If you've made these changes in
ext-EventLogging.php
, you'll need to schedule a
Backport window deployment
to sync out your config change to the production cluster. See
Deployments
and
Backport windows
for instructions.
Overriding event stream config settings
To override config settings for event streams, see Event Platform/Instrumentation How To#Overriding event stream config settings .
Configuring a stream in the beta cluster
If you want to observe a Beta cluster stream using the Beta cluster eventstreams-ui tool , you must ensure that the stream is defined for the Beta Cluster Meta-Wiki, as determined by the rules explained in Configuration files . That tool fetches stream configurations from that Meta-Wiki.
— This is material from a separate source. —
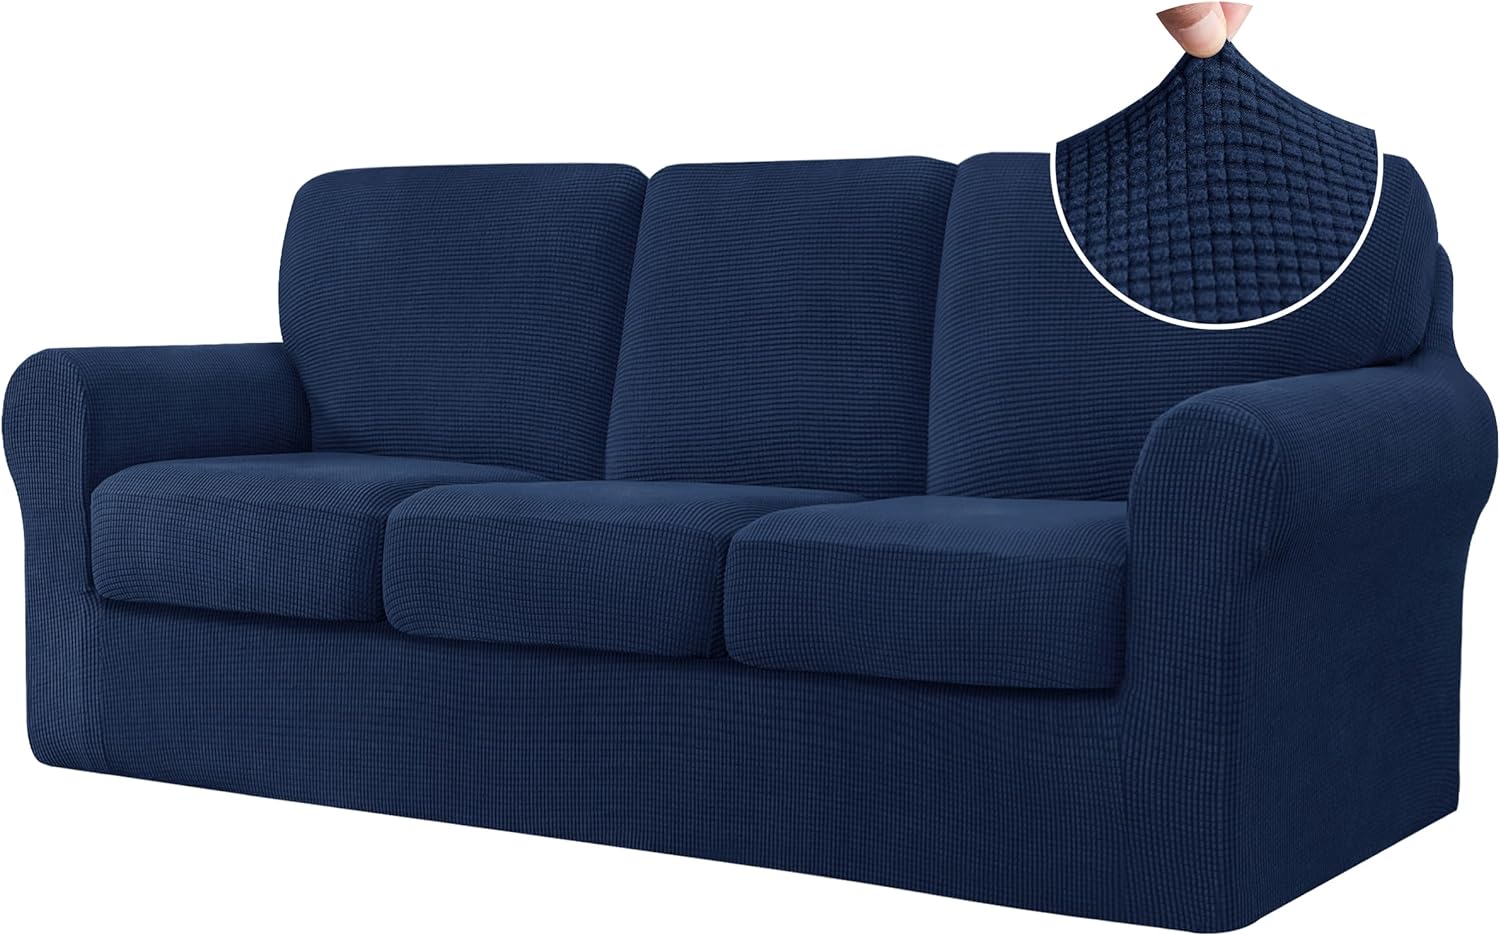 CHUN YI 7 Piece Stretch Sofa Covers for 3 Cushion Couch Covers, 3 Seater Couch Slipcover with 3 Separate Backrests and Cushions with Elastic Band, Checks Spandex Jacquard Fabric(Large, Dark Blue)

If you want to create a stream on the Beta Cluster which is not configured on Production (or is configured differently on Production), you need to declare that stream in
InitialiseSettings-labs.php
. In some cases, you may need to prepend your
InitialiseSettings-labs.php
configuration key with '-', as explained in
Configuration files
.
Decommissioning
As noted in Event Platform/Instrumentation How To#Decommissioning , stream-related code and configuration can be removed at anytime to stop producing an event stream.